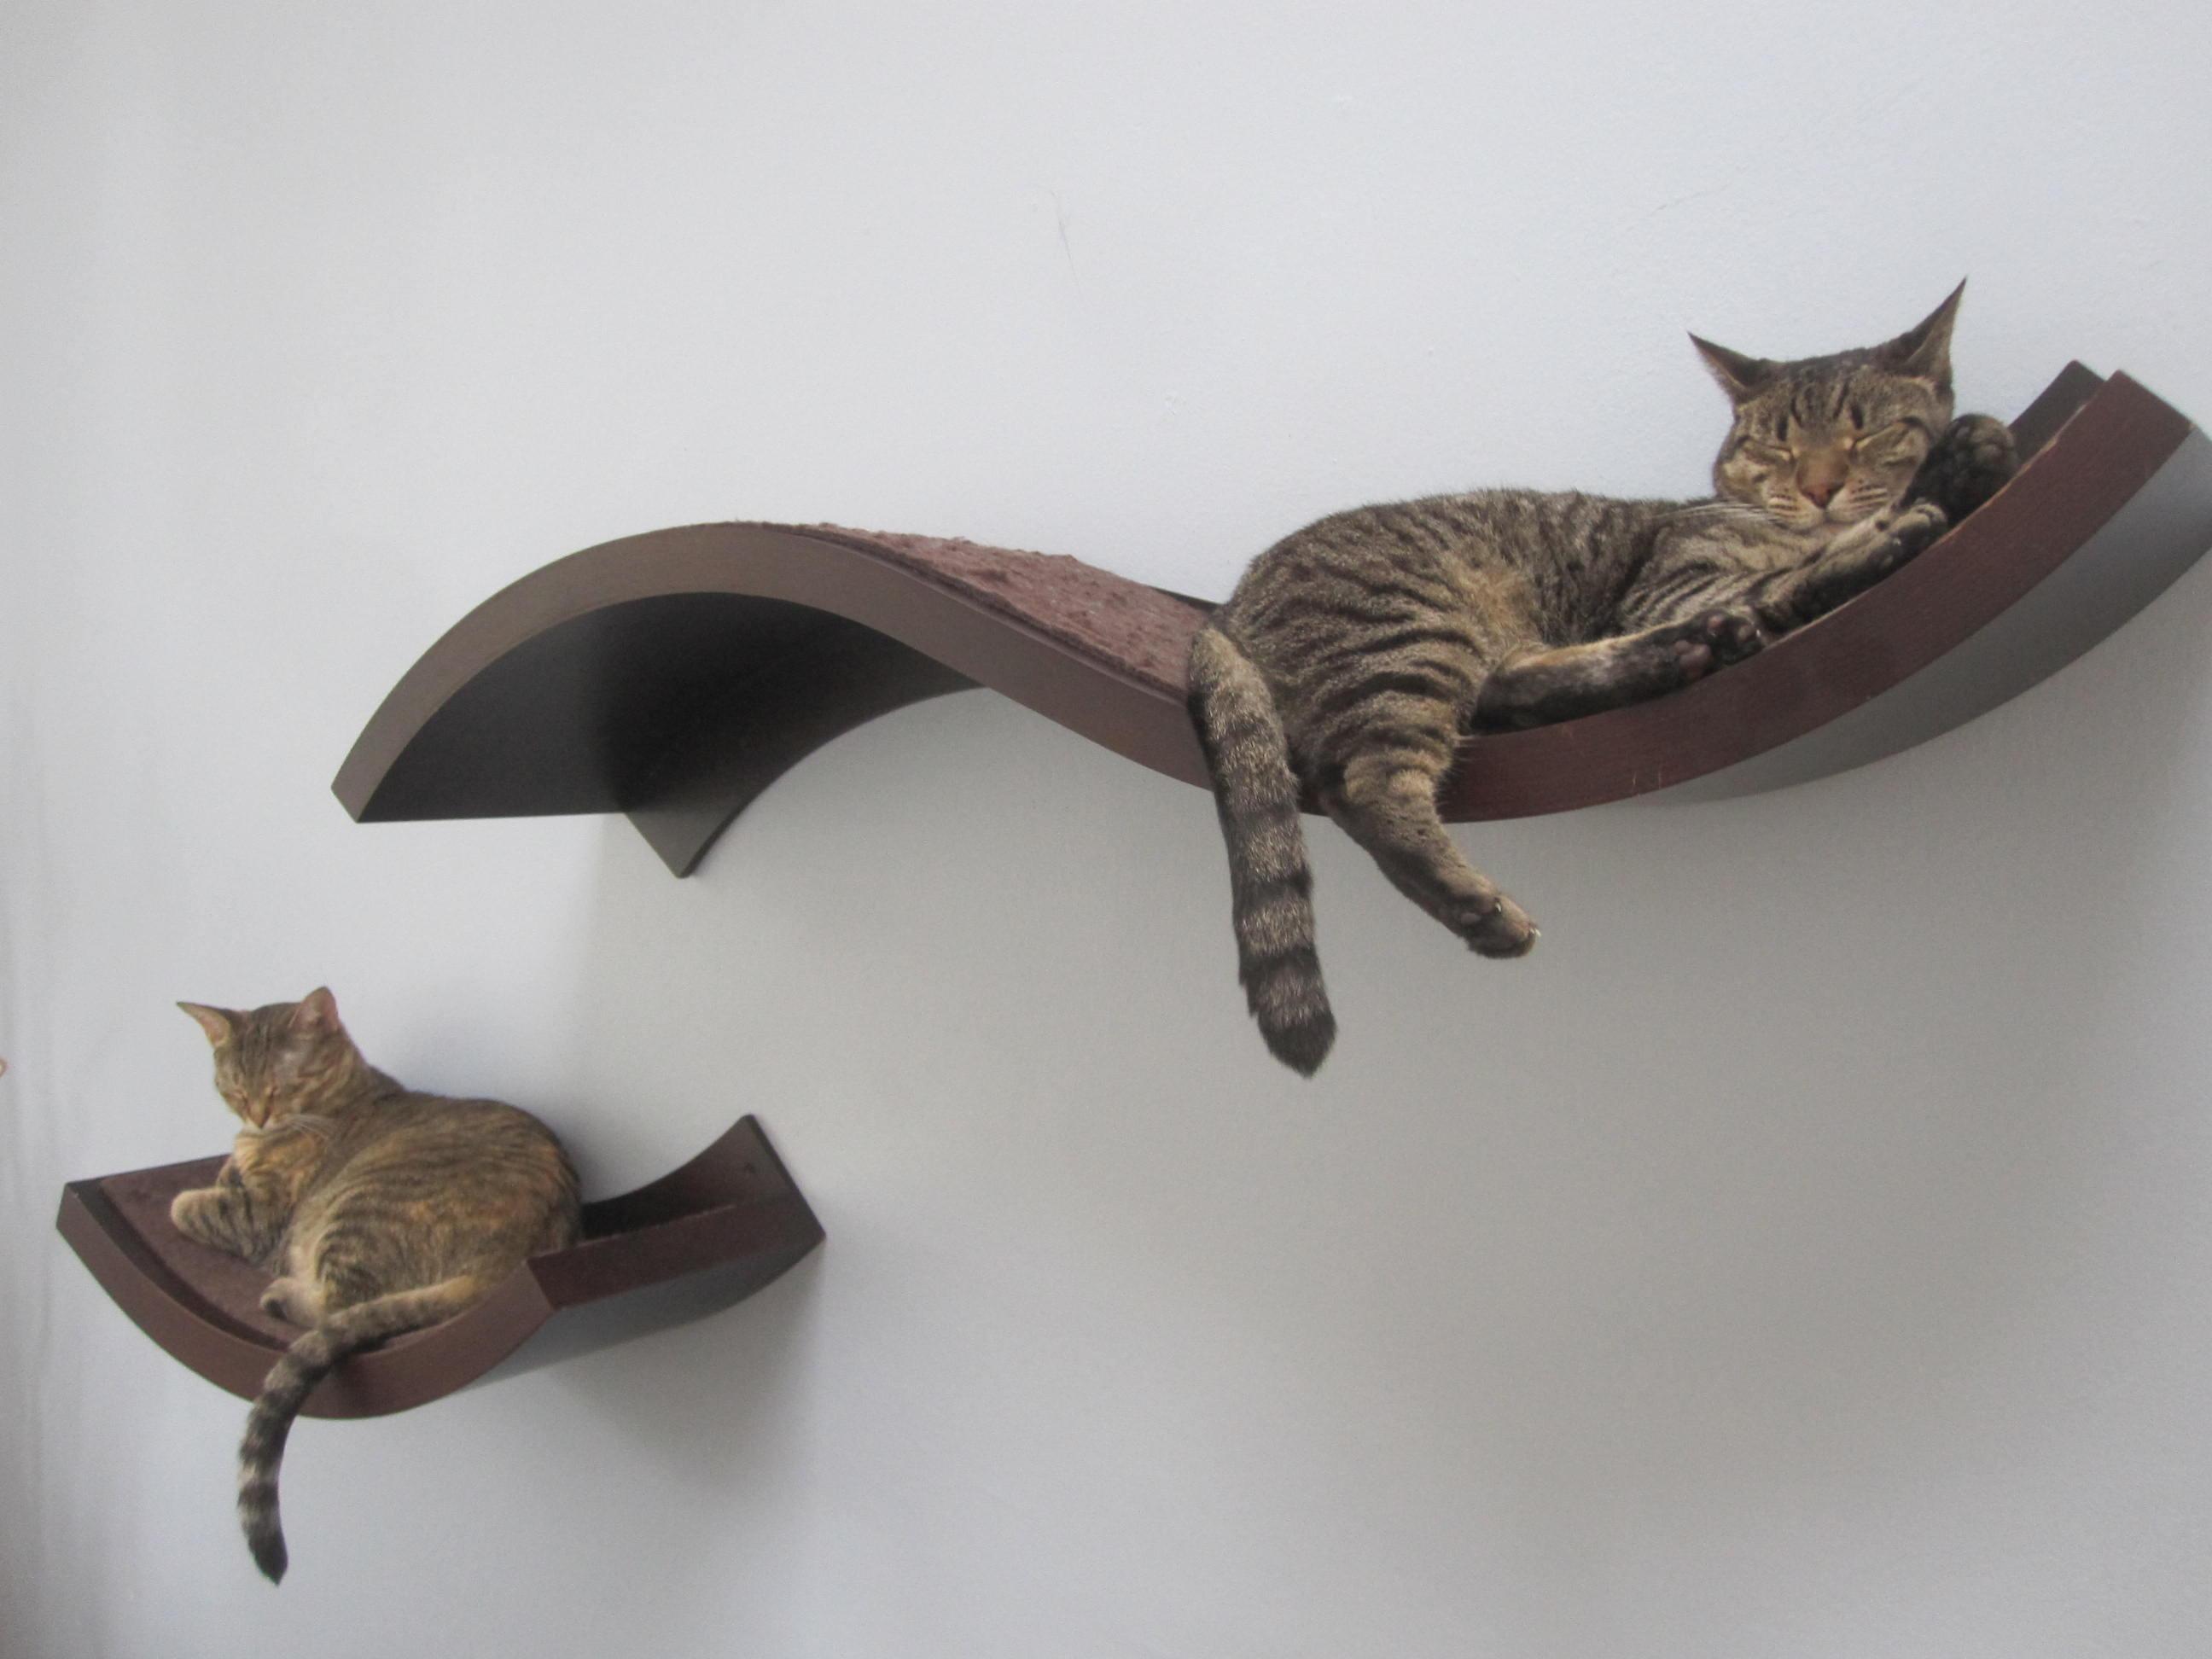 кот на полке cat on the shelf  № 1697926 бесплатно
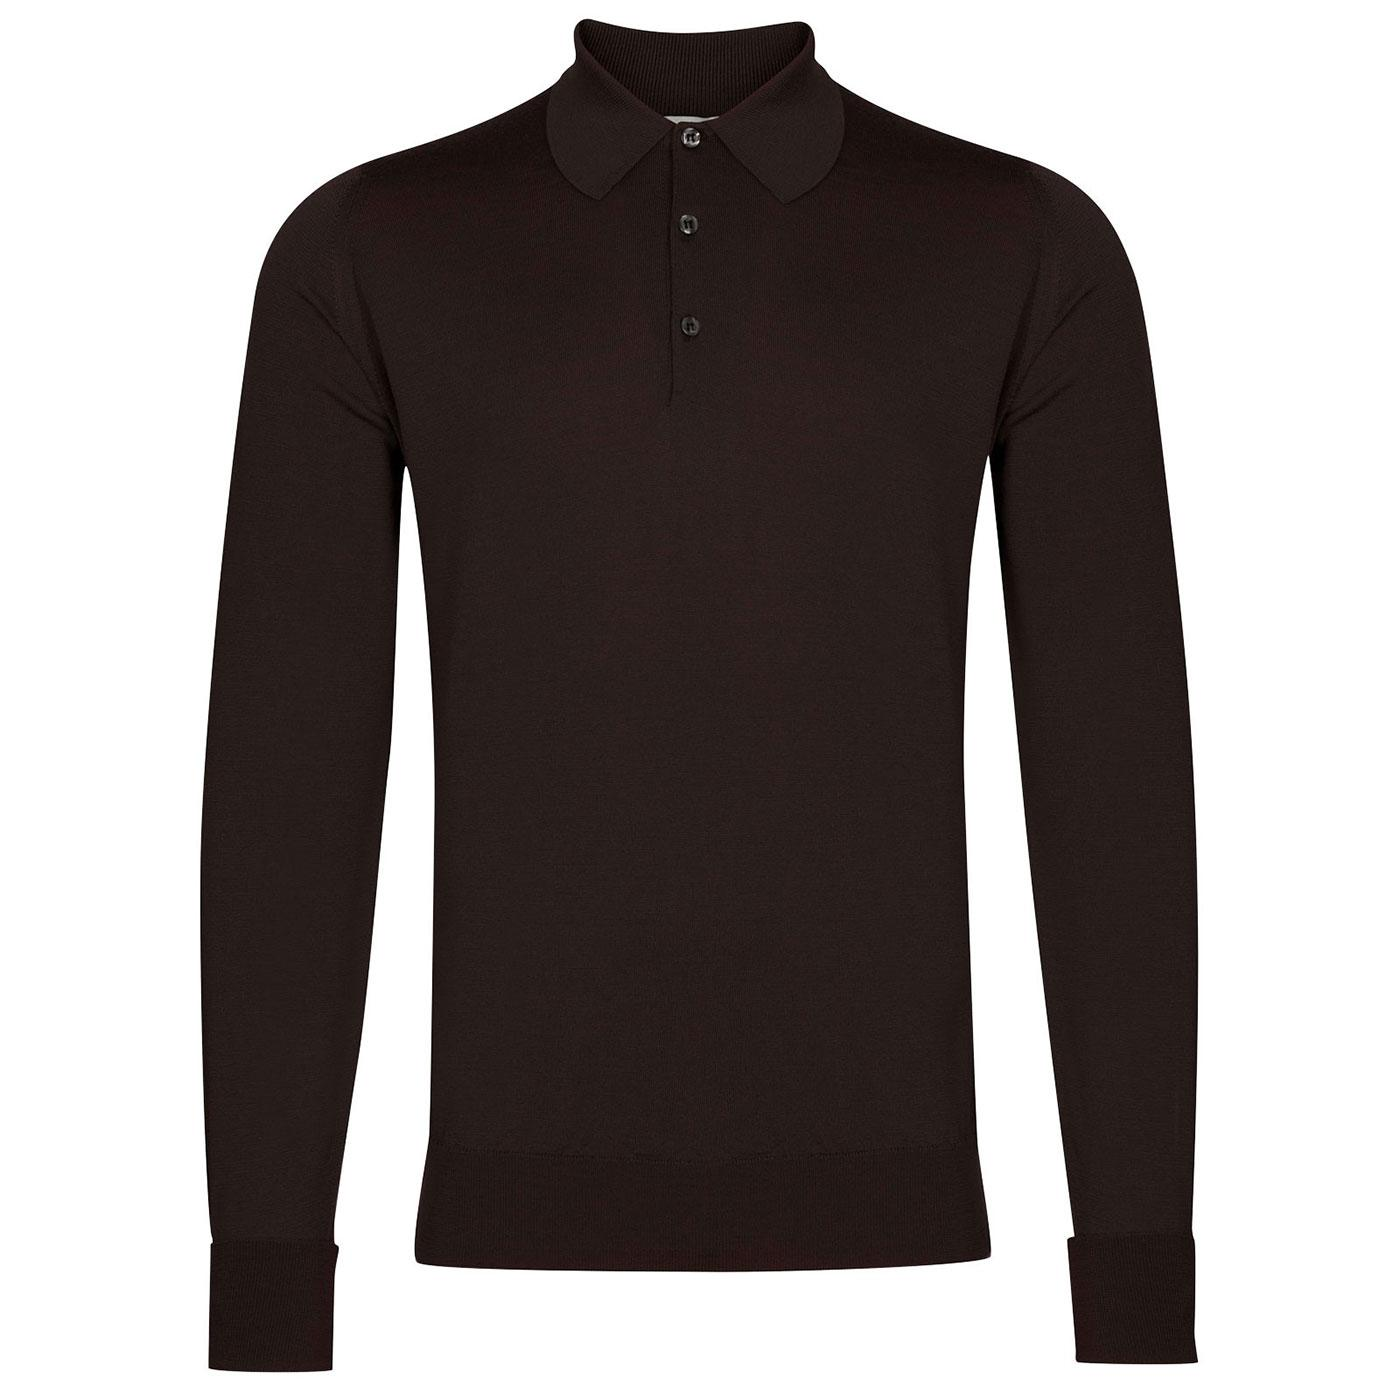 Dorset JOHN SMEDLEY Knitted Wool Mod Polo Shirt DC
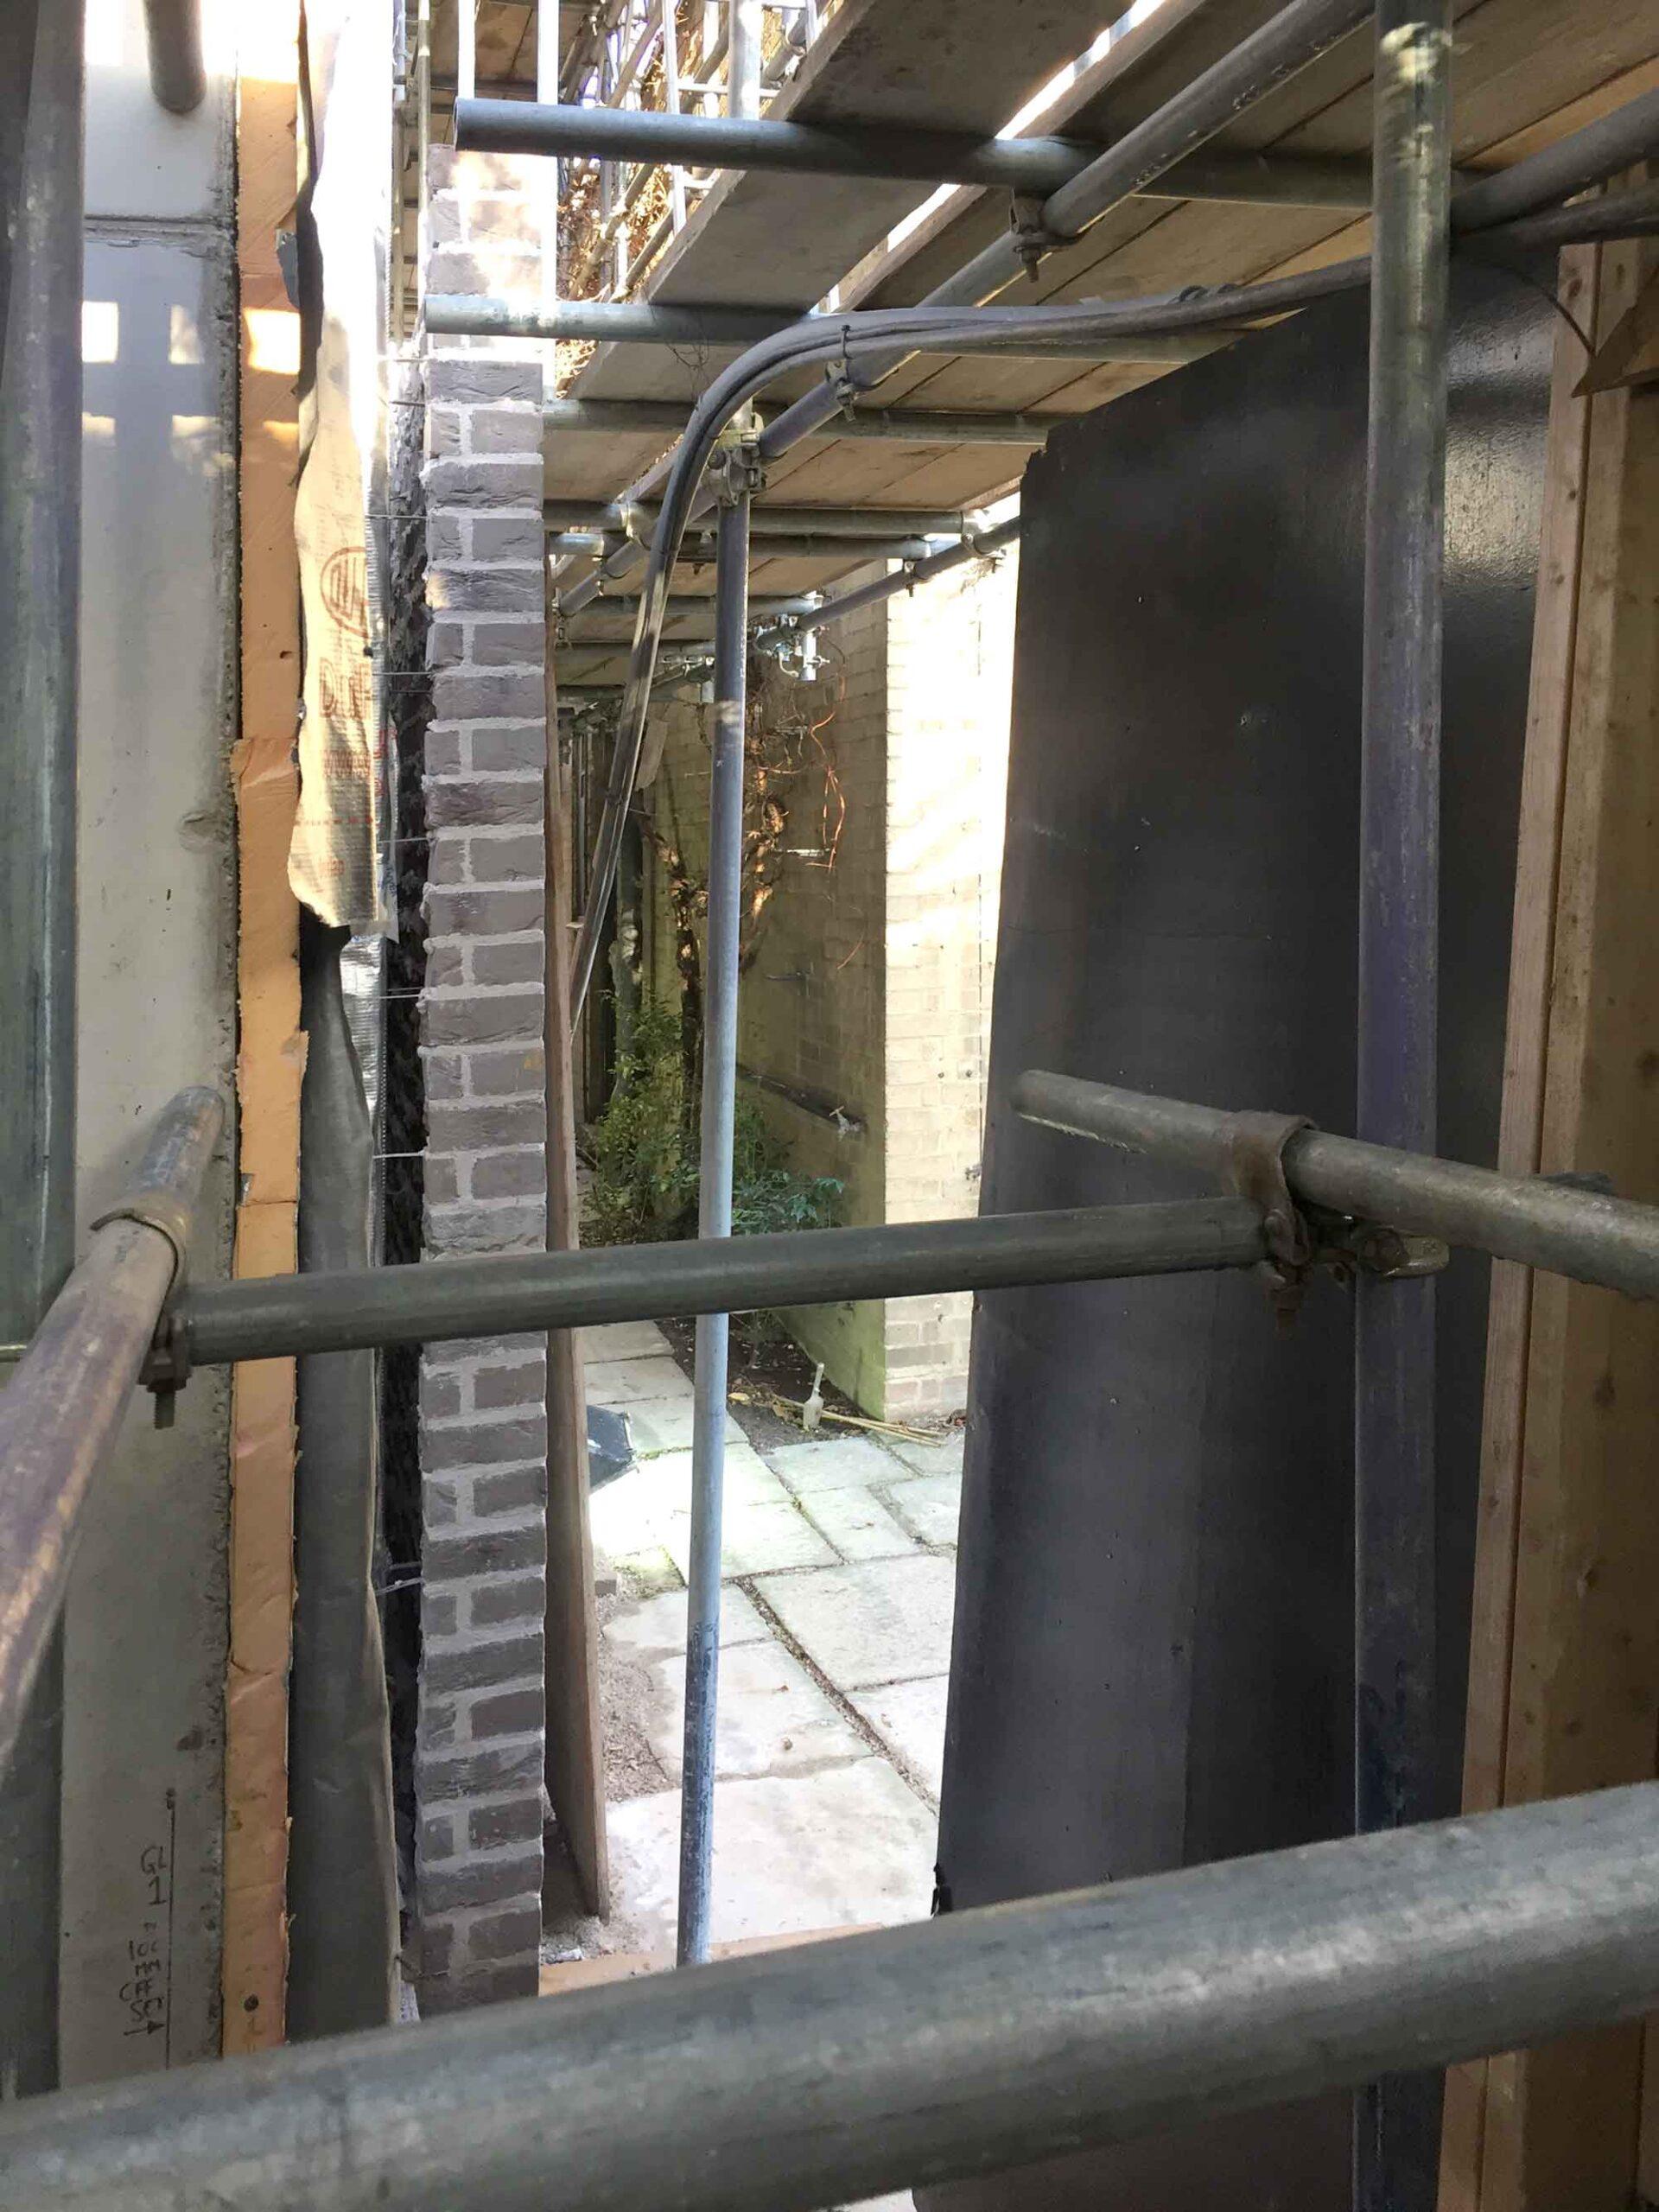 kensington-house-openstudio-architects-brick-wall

> _Task brief_
Write the listing above out again exactly, but not the images it holds.

> _Result_
 кот на полке cat on the shelf  № 1697926 бесплатно
 Dorset JOHN SMEDLEY Knitted Wool Mod Polo Shirt DC
 kensington-house-openstudio-architects-brick-wall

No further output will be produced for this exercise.